Implement sinking funds to help with holiday shopping spending stress



Let’s be honest — few things are more stressful than an unexpected bill showing up when your budget’s already tight. But what if those “surprises” weren’t really surprises at all?

In this episode of Deeply Invested, Meghan breaks down one of the most underrated personal finance tools: sinking funds. Despite the funny name, this strategy can completely change how you plan, save, and spend — giving you more control (and calm) over your money.


What Exactly Is a Sinking Fund?


A sinking fund is simply money you set aside over time for a specific, known expense — something you know is coming, just not every month.


Think:

  • Annual car insurance or excise taxes

  • Birthday celebrations

  • Holiday spending

  • Vacation trips

  • Home or car maintenance


Instead of letting these costs blow up your budget or land on your credit card, sinking funds smooth out your spending. You’re saving a little each month so when those expenses show up, you’re ready — no panic required.


Meghan’s “Aha” Moment: From Stress to Strategy


Before using sinking funds, Meghan constantly felt caught off guard by predictable expenses — like her car excise tax. Every year, it arrived right after the holidays, and every year, it threw her budget off track.

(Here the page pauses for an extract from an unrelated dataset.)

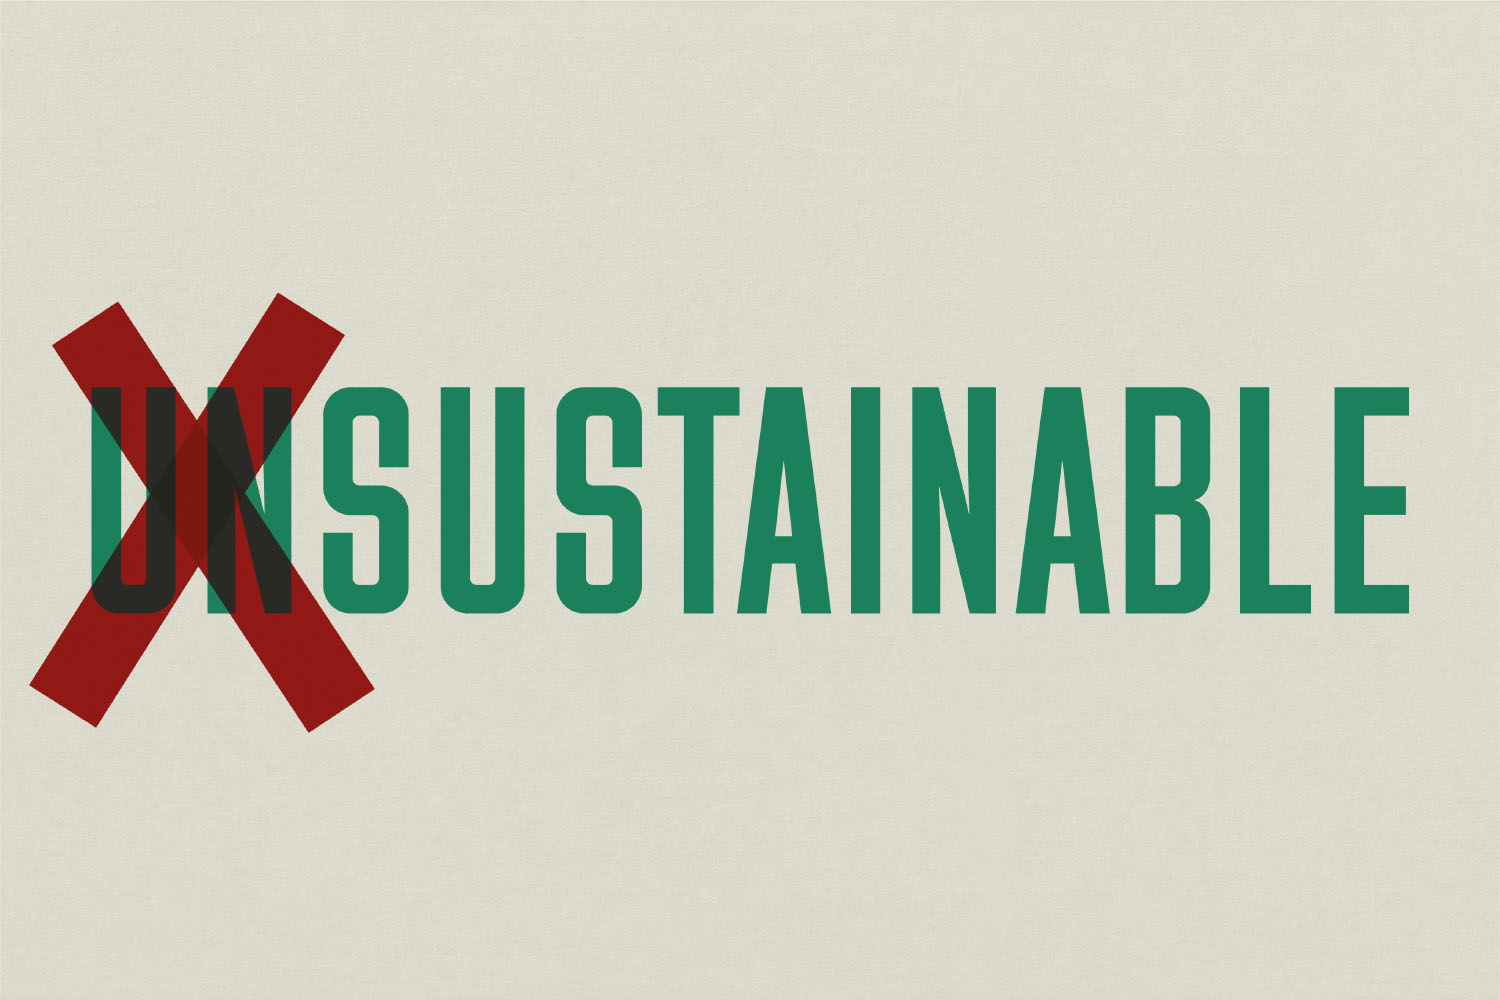 The word 'unsustainable' with the first two letters crossed out, so it reads 'sustainable'

Now? It’s a line item in her budget. She sets aside a small amount each month so that when the bill comes, it’s already covered. No stress. No guilt. Just confidence.

That one simple shift inspired her to start sinking funds for other areas — like her daughter’s birthday party and Christmas. These aren’t emergencies; they’re meaningful moments. Sinking funds make them possible without financial strain.

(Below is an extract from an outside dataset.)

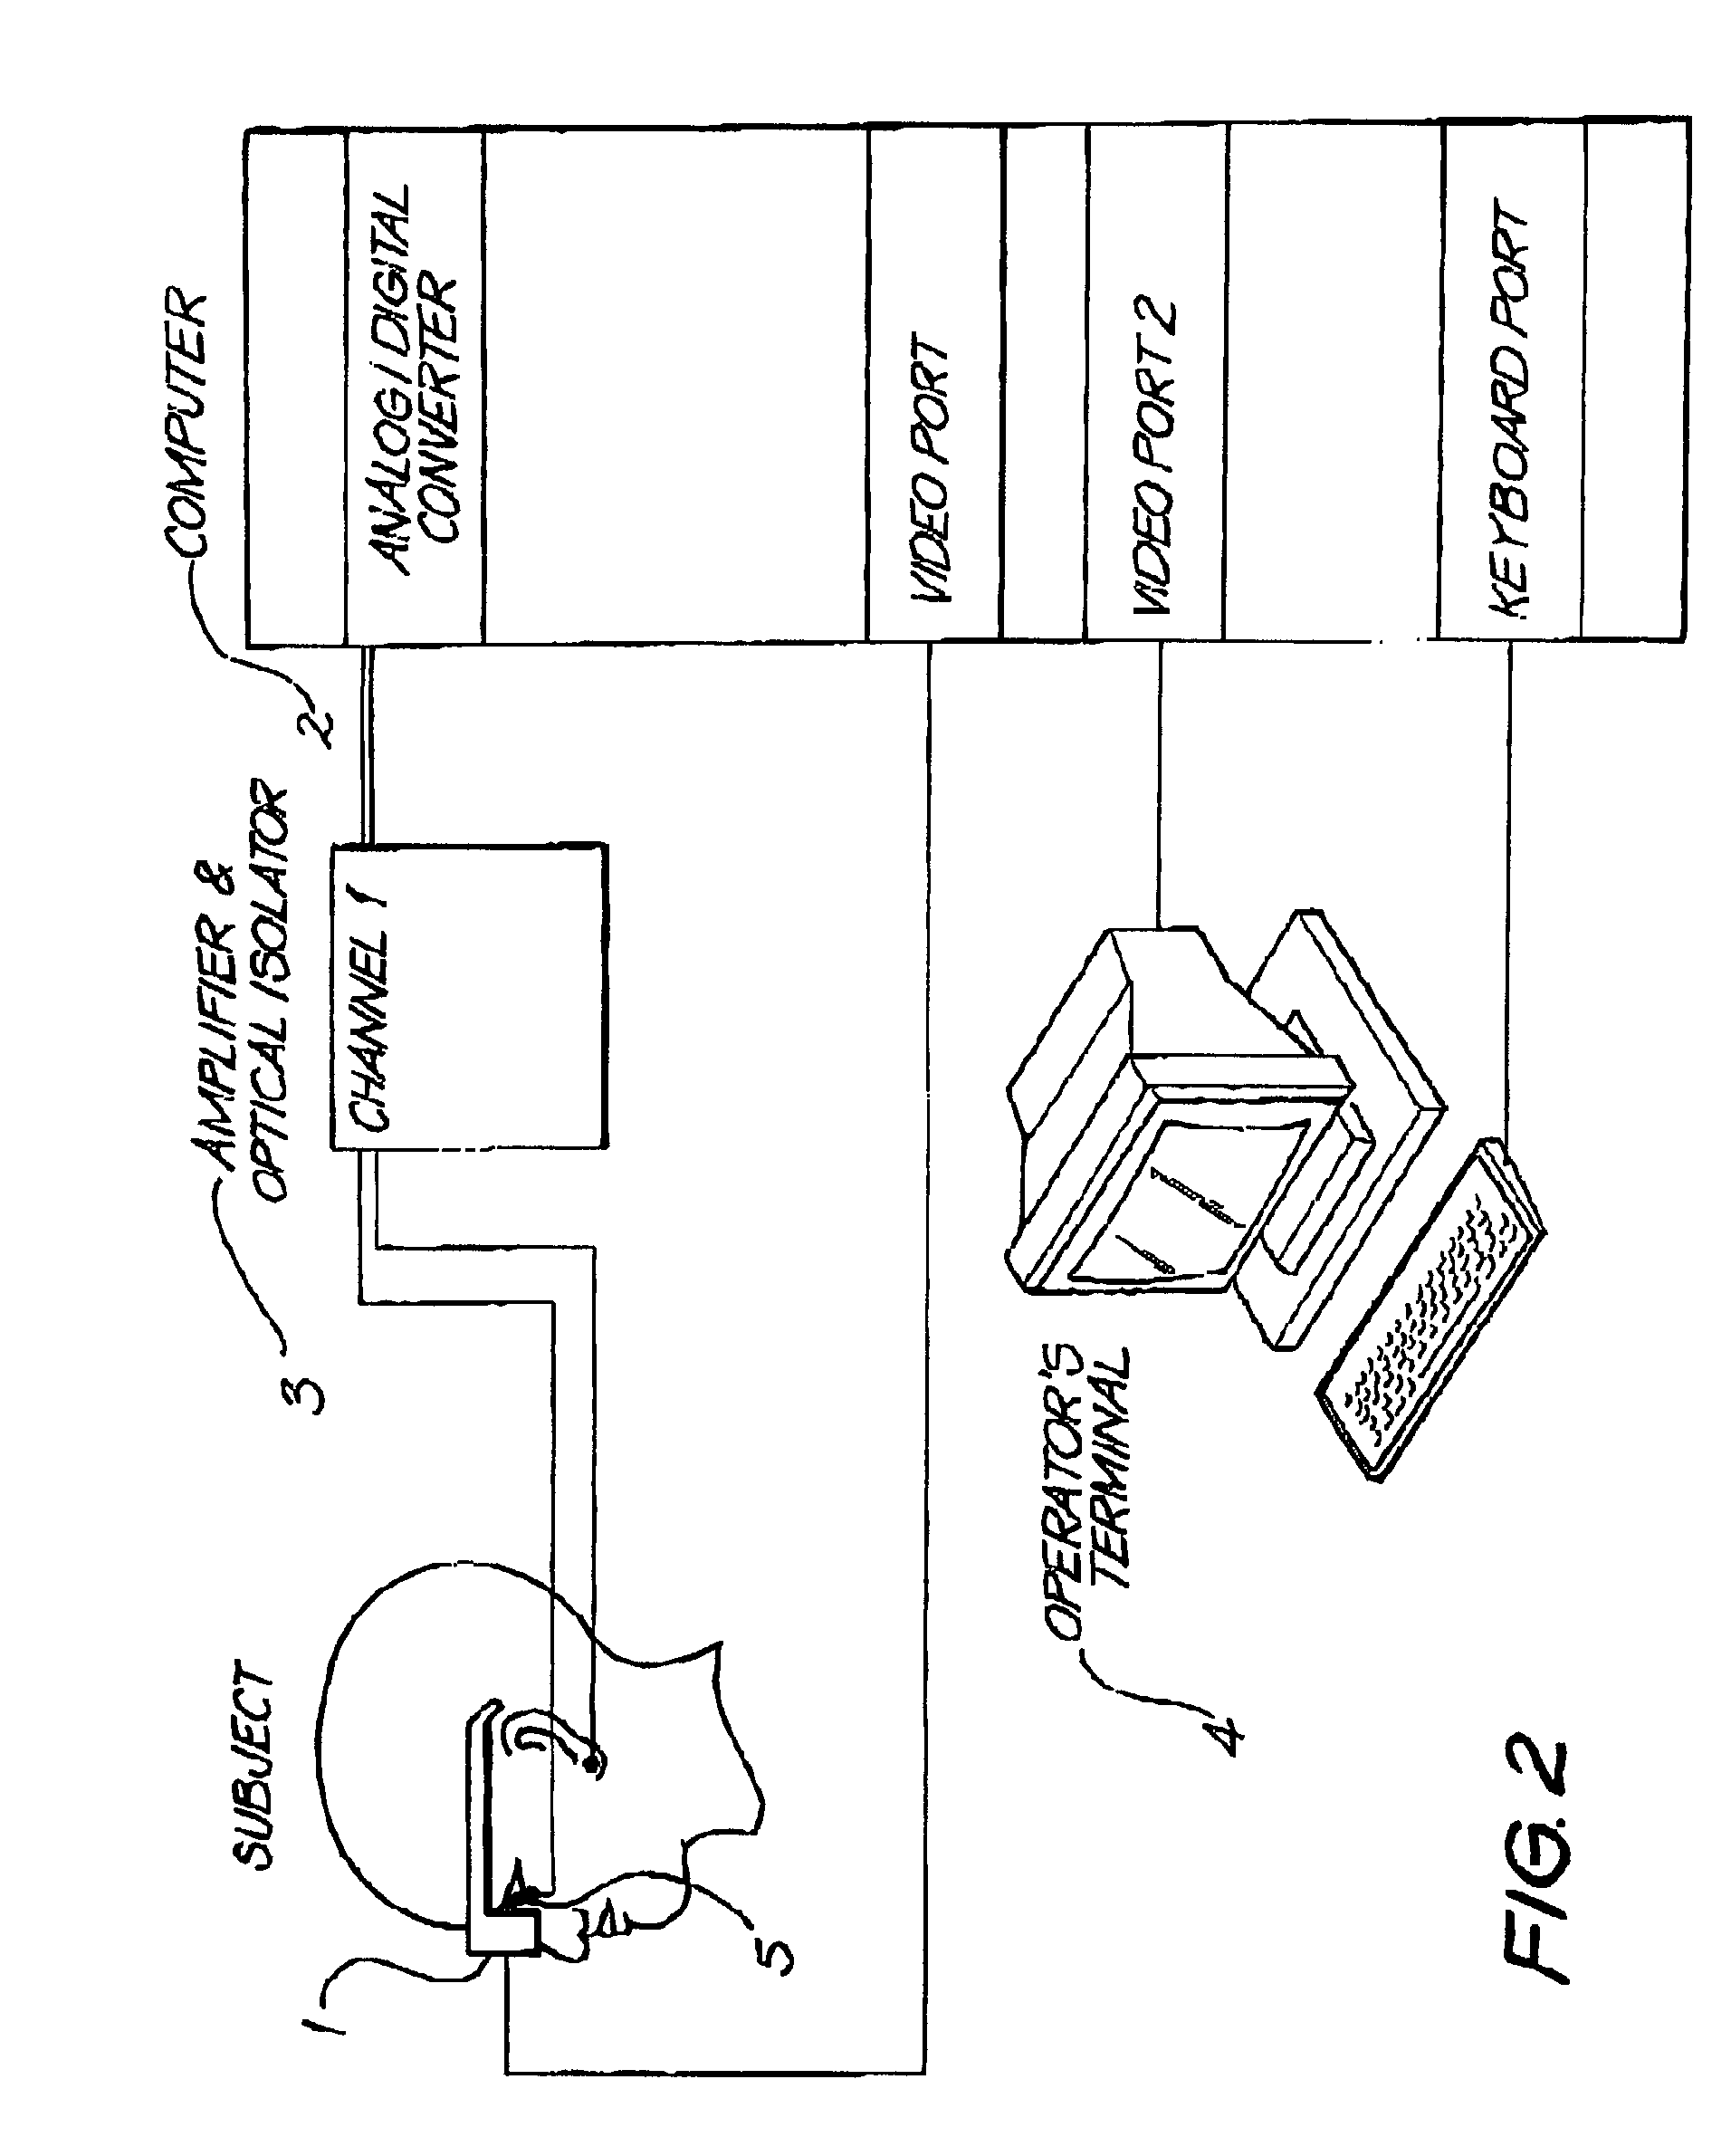 Method and apparatus for objective electrophysiological assessment of visual function

Why Sinking Funds Are About Permission, Not Restriction


A lot of people think budgeting means saying “no” to fun things — but sinking funds are how you say “yes” to the things that matter. They let you spend intentionally and guilt-free. It’s not restriction — it’s permission to enjoy your money on purpose.

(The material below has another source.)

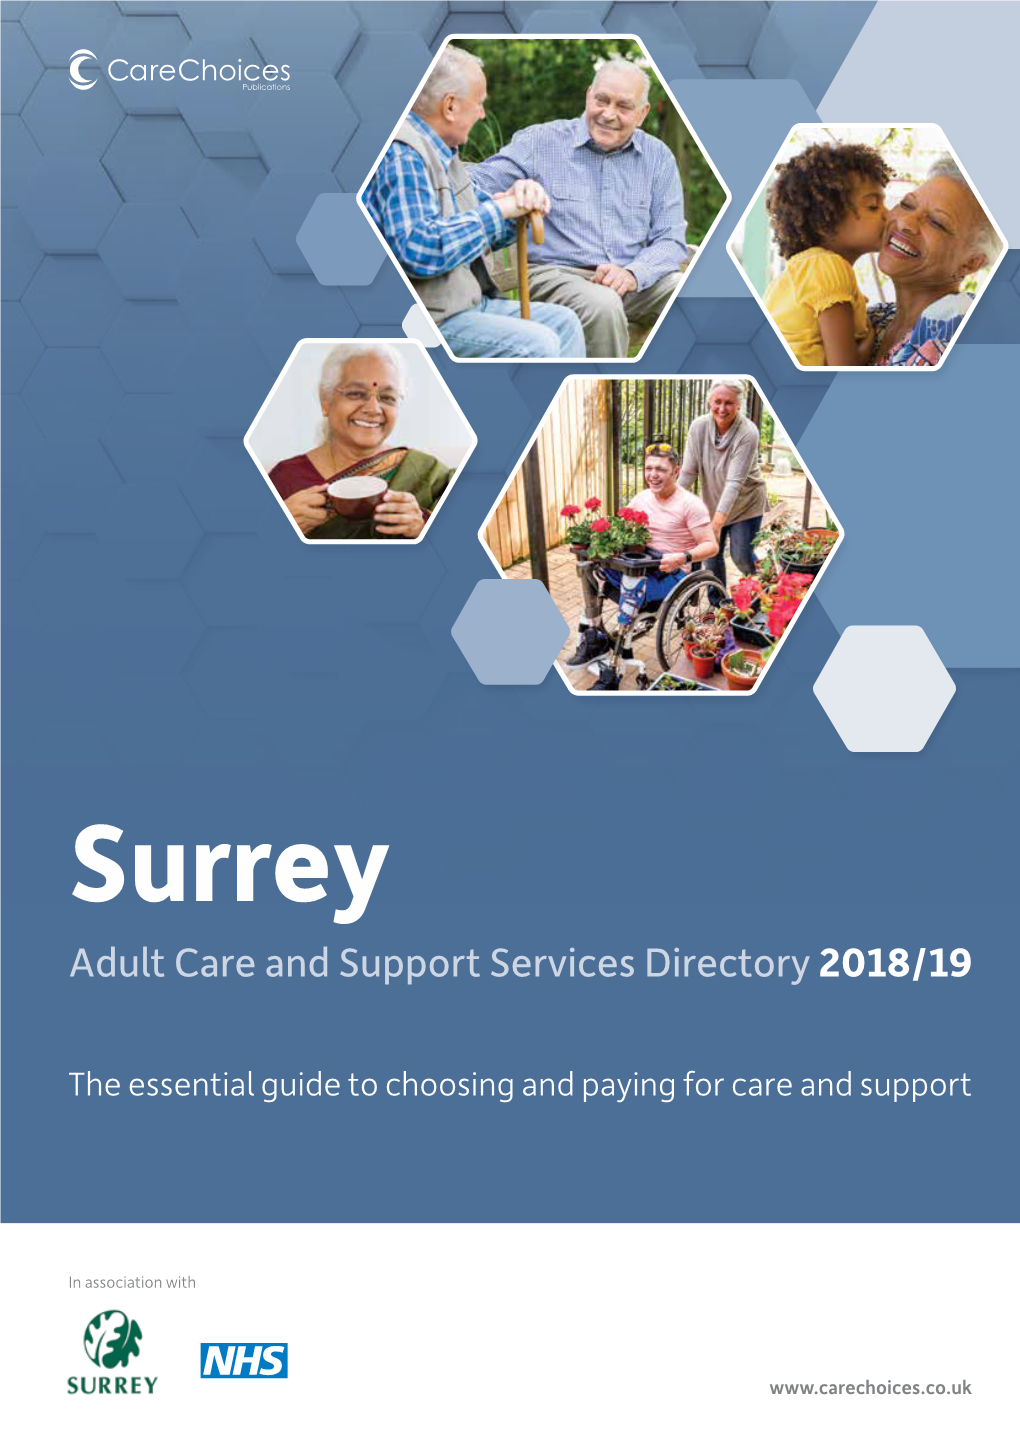 Adult Care and Support Services Directory 2018/19

How to Start Your Own Sinking Funds


Ready to try it? Here’s how to get started:

  1. List out all your non-monthly expenses. Think annual subscriptions, car repairs, travel, or holidays.

  2. Estimate the total cost and note when it’s due.

  3. Divide that total by the number of months until you’ll need it.

  4. Save that amount each month in a separate account (ideally a high-yield savings account).


You can even label each savings bucket (“Christmas,” “Vacation,” “Car Maintenance”) for extra motivation.


💡 Pro Tip: Check out our free Balanced Budget Builder — it walks you through setting up your budget and tracking your sinking funds step-by-step. (Link in the show notes!)


Why This Works: The Psychology Behind the Calm


Sinking funds take you from reactive to proactive. They turn financial stress into financial confidence. 


When you know your money is working for you — even on autopilot — you can stop worrying and start focusing on the parts of life that actually matter.


Final Thought: Start Small, Feel the Difference


You don’t need to overhaul your entire budget today. Just pick one sinking fund that would make your year feel lighter — maybe that annual bill that always sneaks up or the trip you’ve been wanting to plan.


Start there. Consistency is what makes this system powerful — not perfection.